**Records shown:**
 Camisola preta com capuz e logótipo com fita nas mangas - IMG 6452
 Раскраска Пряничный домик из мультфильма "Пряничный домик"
---
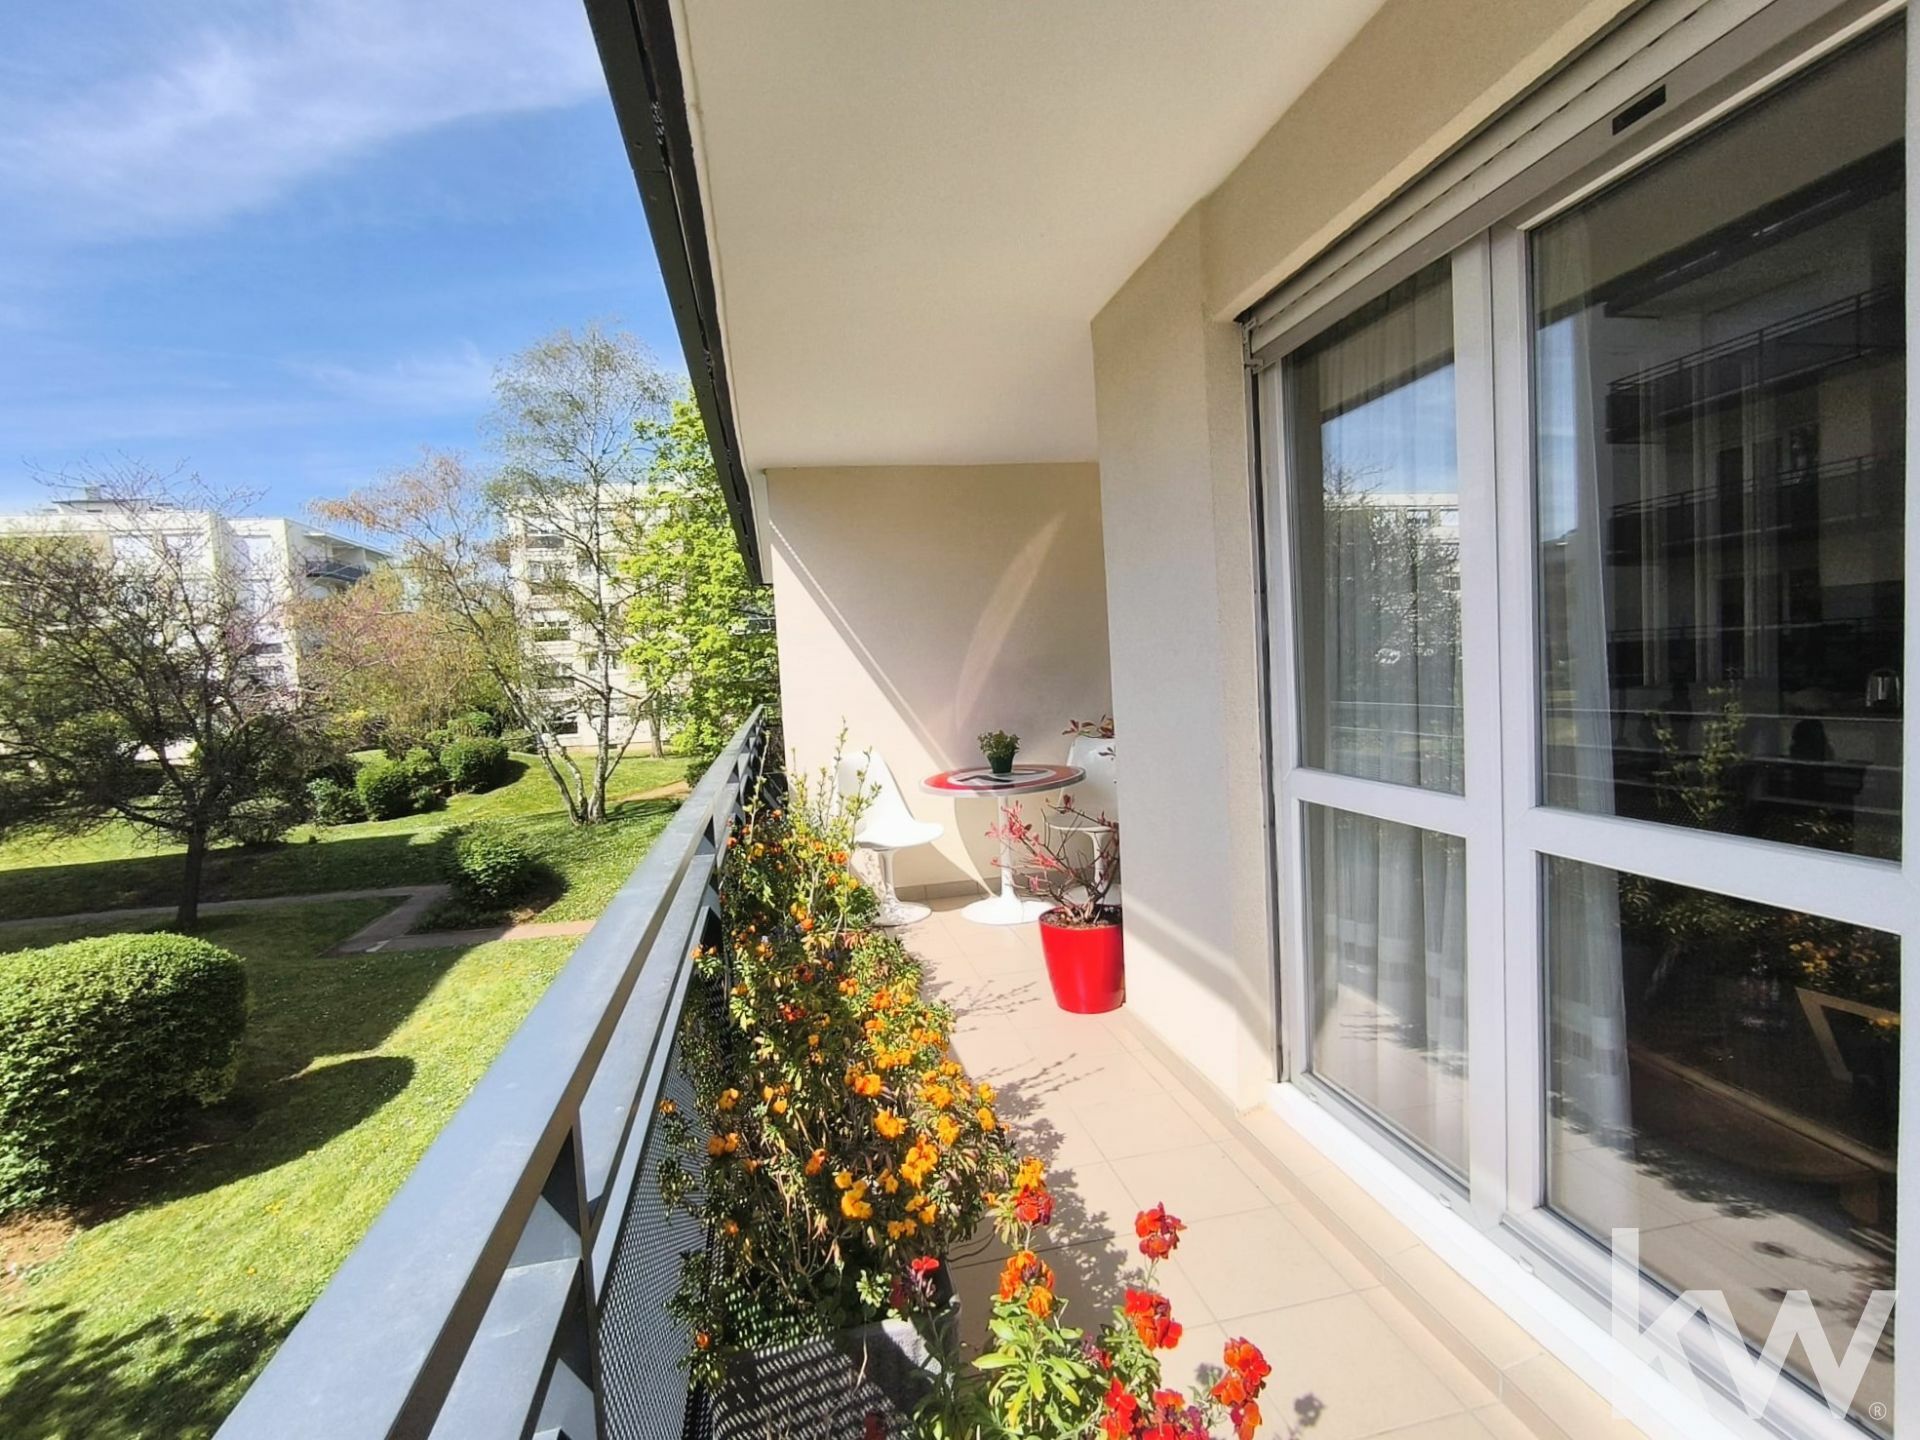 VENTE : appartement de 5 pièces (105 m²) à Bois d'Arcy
...
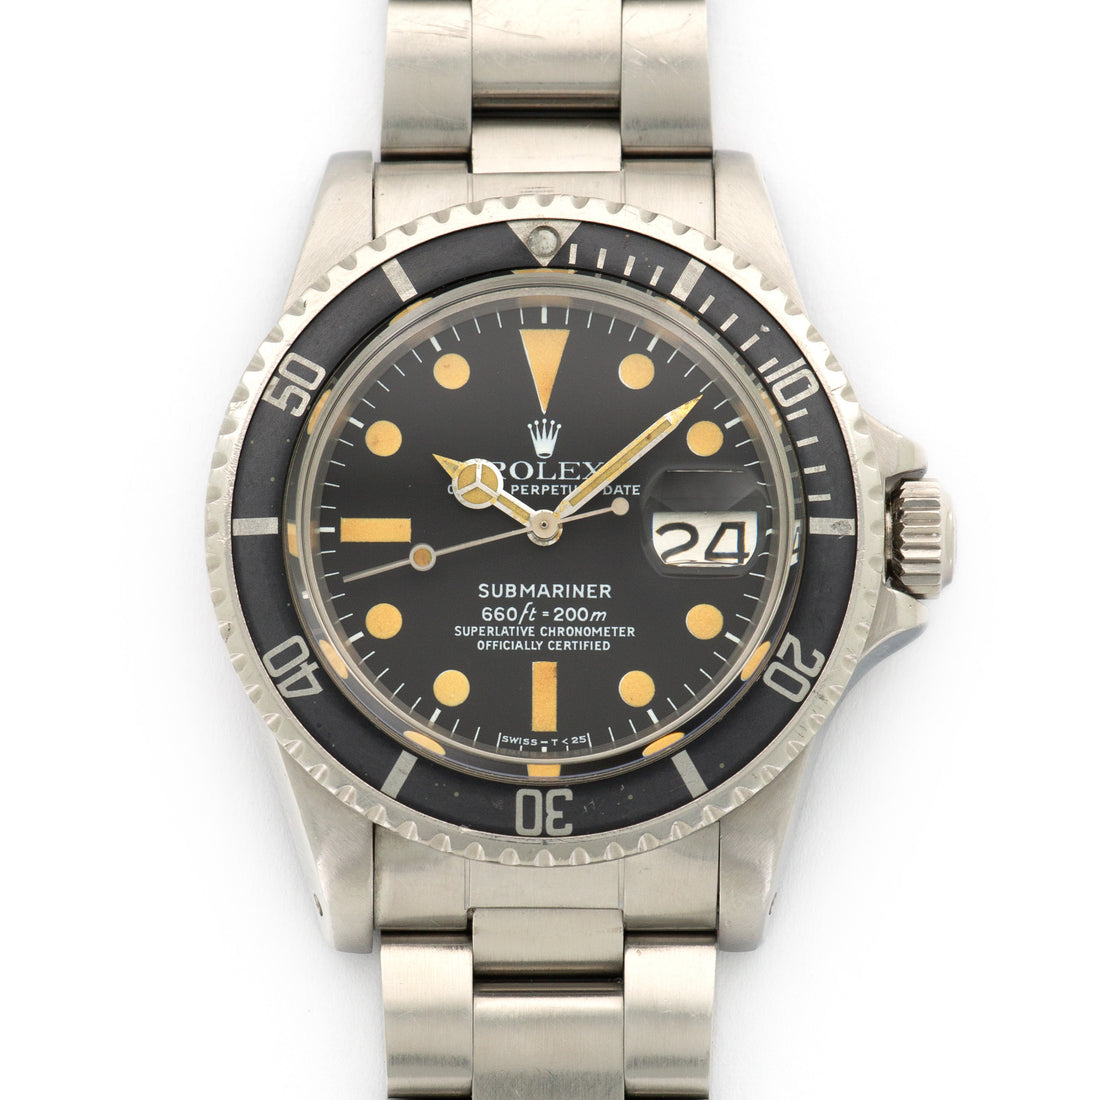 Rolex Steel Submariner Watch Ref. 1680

**What the task requires:**
Only one stretch of the records above is wanted: the lines between the one holding "Camisola preta com" and the one holding "Раскраска Пряничный домик", inclusive, reproduced exactly.

**Problem solution:**
 Camisola preta com capuz e logótipo com fita nas mangas - IMG 6452
 Раскраска Пряничный домик из мультфильма "Пряничный домик"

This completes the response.